• **Exercise inputs**
□ □ □ □ □

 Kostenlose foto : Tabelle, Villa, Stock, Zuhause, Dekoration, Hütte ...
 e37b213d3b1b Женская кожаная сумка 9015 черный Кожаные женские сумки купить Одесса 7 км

□ □ □ □ □

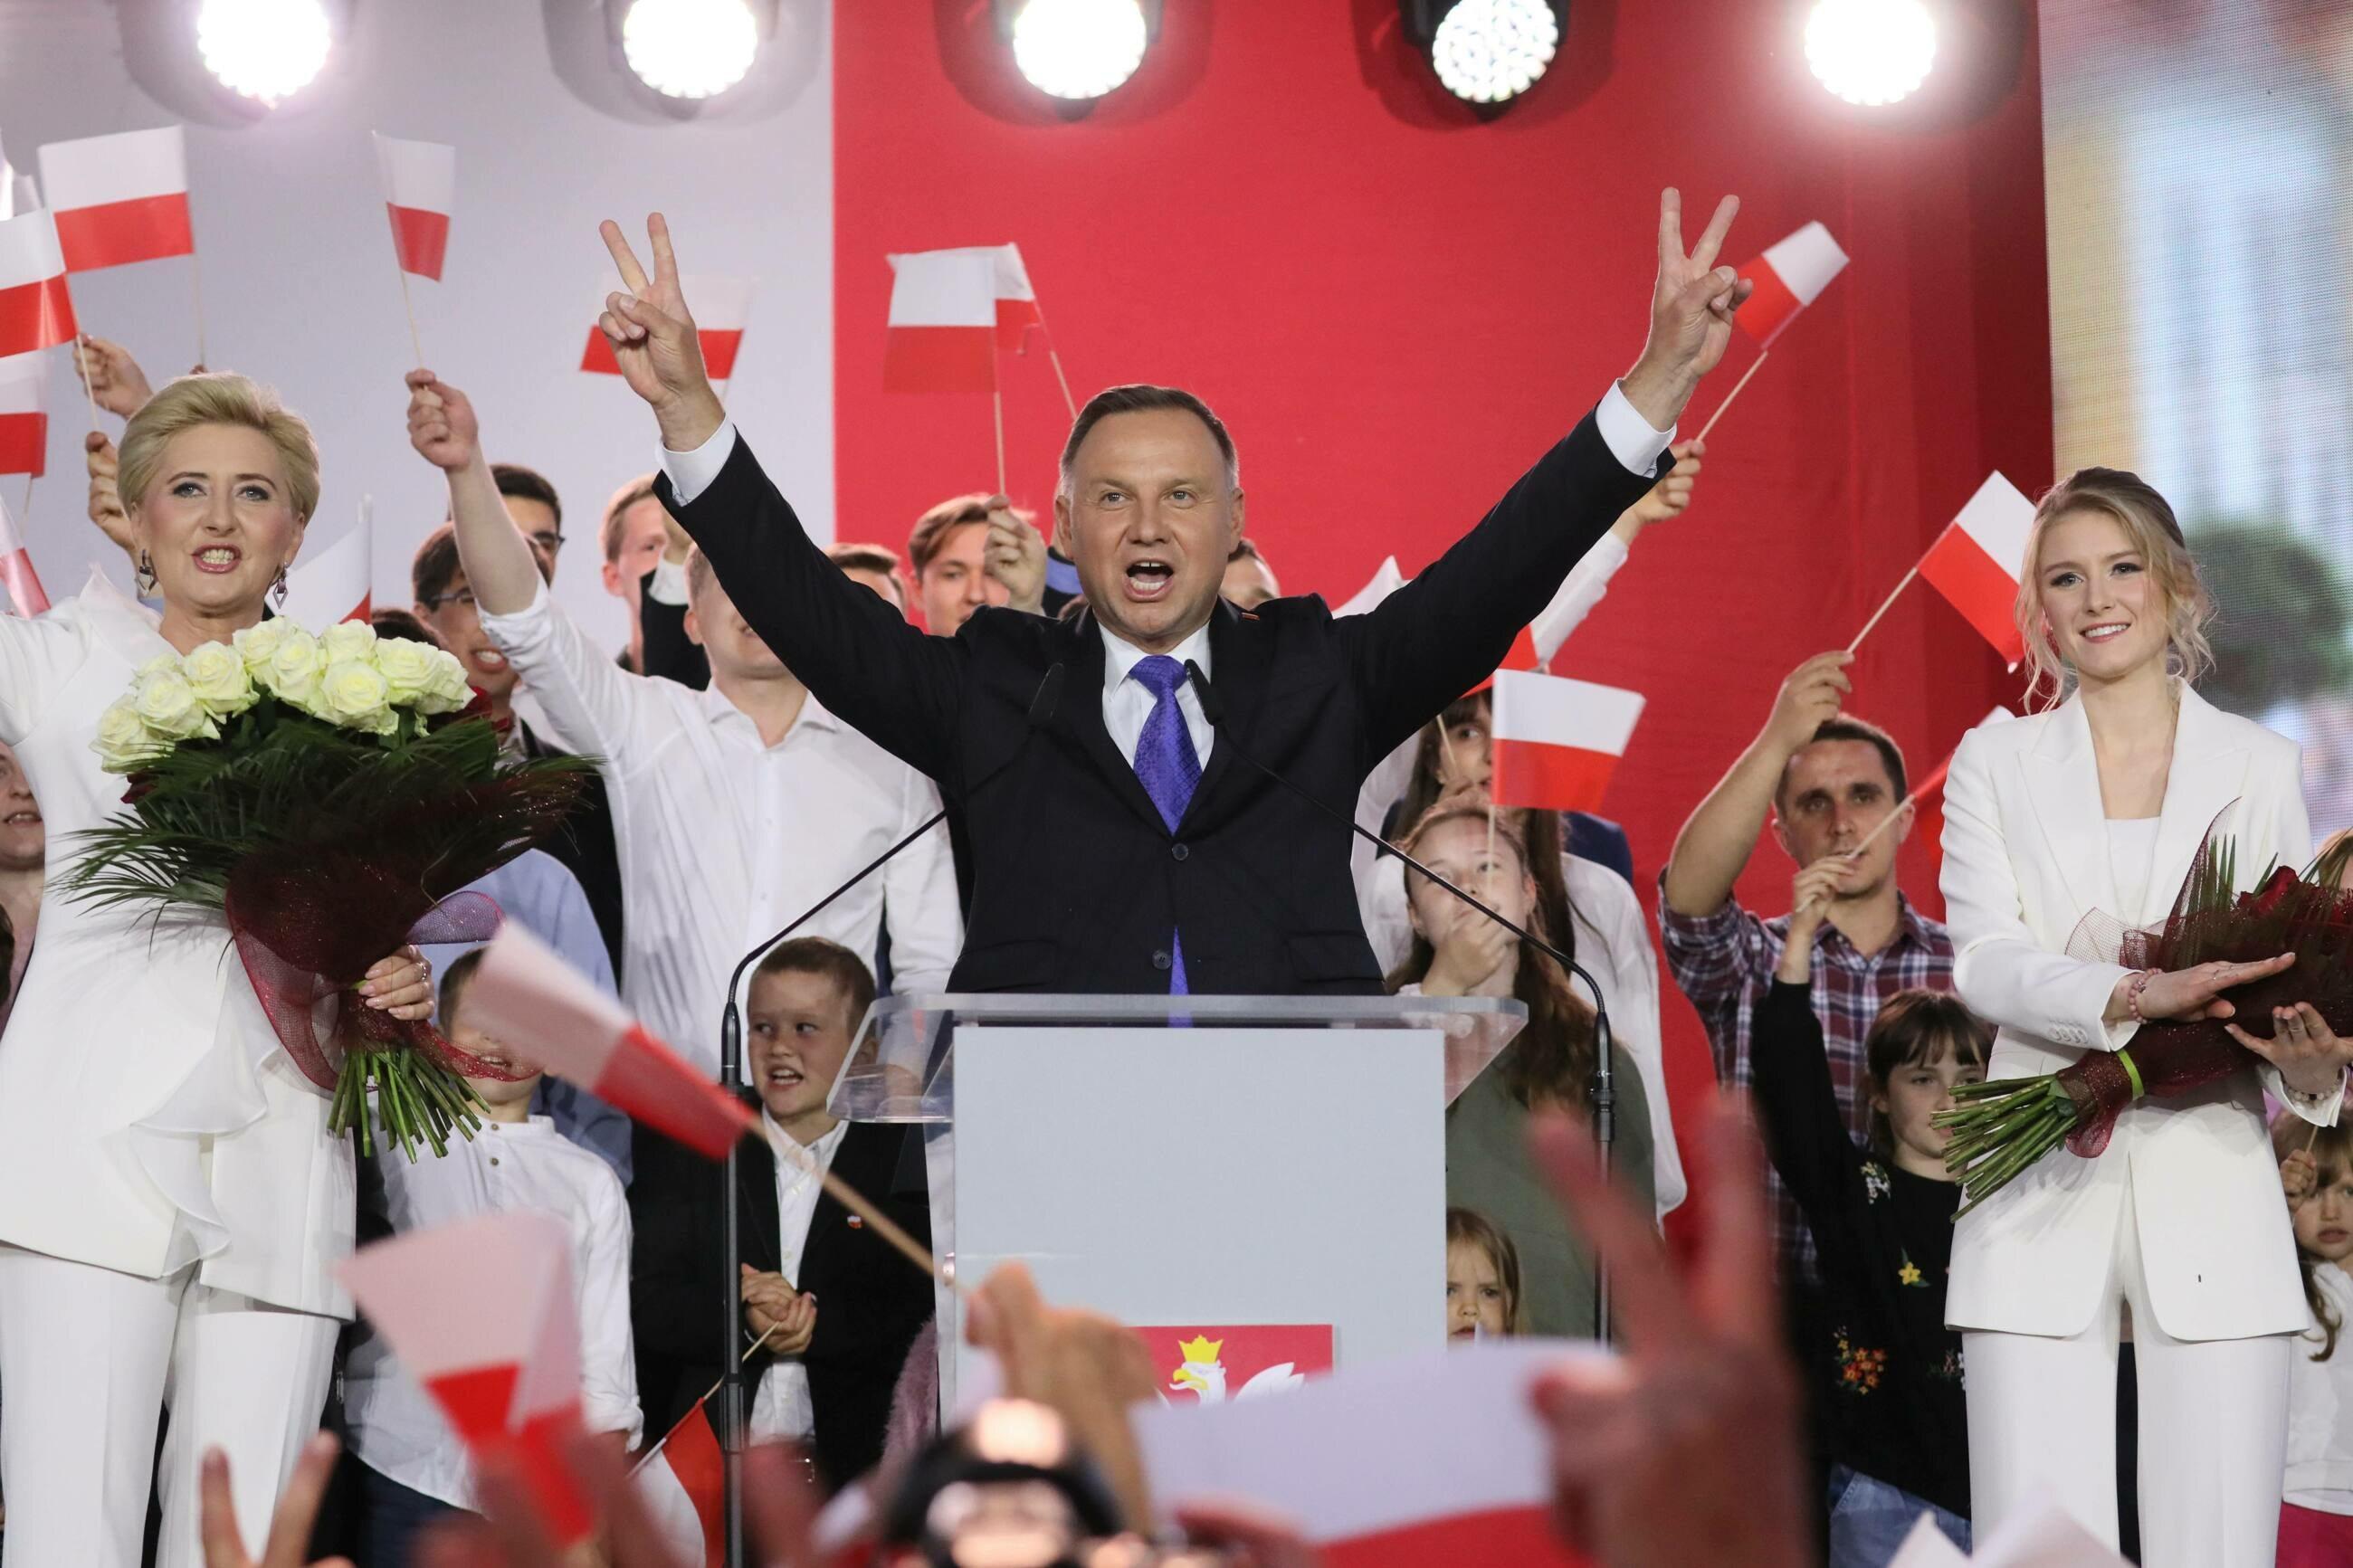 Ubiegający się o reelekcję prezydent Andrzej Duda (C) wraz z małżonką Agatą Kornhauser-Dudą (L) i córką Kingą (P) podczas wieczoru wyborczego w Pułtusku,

□ □ □ □ □

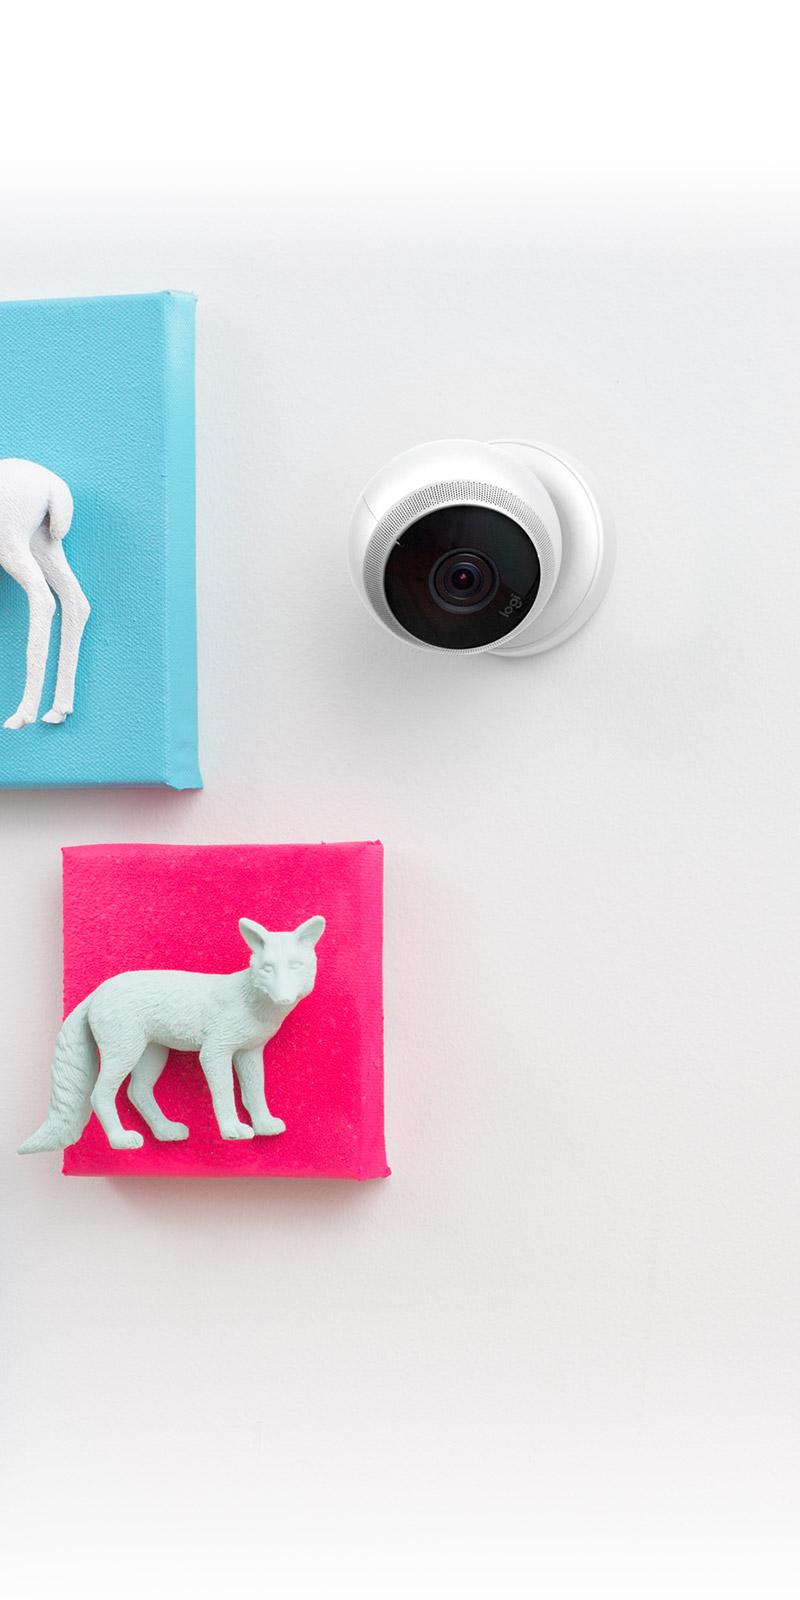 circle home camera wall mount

□ □ □ □ □

• **Problem statement**
A word-for-word copy of the lines above from the one with "Dekoration, Hütte ..." through the one with "e37b213d3b1b Женская кожаная", inclusive, is the only output wanted.

• **Reply**
 Kostenlose foto : Tabelle, Villa, Stock, Zuhause, Dekoration, Hütte ...
 e37b213d3b1b Женская кожаная сумка 9015 черный Кожаные женские сумки купить Одесса 7 км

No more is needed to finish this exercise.